The X10 comes with a strap extension. Just so you know...


----------



## 2ndeffort

Just bought the orange strap to salvage the lugs from. I am going to fit a 2 piece NATO to it rather than the 1 piece. This should avoid the drama with tose lugs standing on end and digging into the wrist.


----------



## ejunge

2nd effort and gbaldino - go look at Maratek! They have what you are looking for...


----------



## Jeff_C

Maratac.


----------



## Richard M.

oh wow! how did you make that mod?


----------



## Photovongsa

Has anyone had issues with sensor accuracy using a nato/Zulu strap on a suunto?

I just purchased a traverse alpha and a traditional nato strap to go along with it. 

I had to on for a week before I realized the strap covers the sensor on the back of the watch body a bit more than say, my arm, does. 

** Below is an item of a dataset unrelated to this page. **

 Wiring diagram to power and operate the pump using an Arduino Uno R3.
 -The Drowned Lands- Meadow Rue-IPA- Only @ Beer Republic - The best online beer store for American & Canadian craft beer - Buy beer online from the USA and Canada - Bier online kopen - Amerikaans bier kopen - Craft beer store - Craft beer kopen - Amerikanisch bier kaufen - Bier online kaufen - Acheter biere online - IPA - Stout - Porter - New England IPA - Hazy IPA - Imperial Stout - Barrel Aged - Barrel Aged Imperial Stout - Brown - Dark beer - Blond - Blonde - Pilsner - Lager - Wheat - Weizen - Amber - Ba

I’m worried that if I use the nato strap that the accuracy of my sensor readings will be affected/inaccurate.


----------



## scarrz

I would think there’s still enough gap for the readings to work. I know the temp you basically have to take it off your arm to get an accurate reading.


----------



## scarrz

I would think there’s still enough gap for the readings to work. I know the temp you basically have to take it off your arm to get an accurate reading.


----------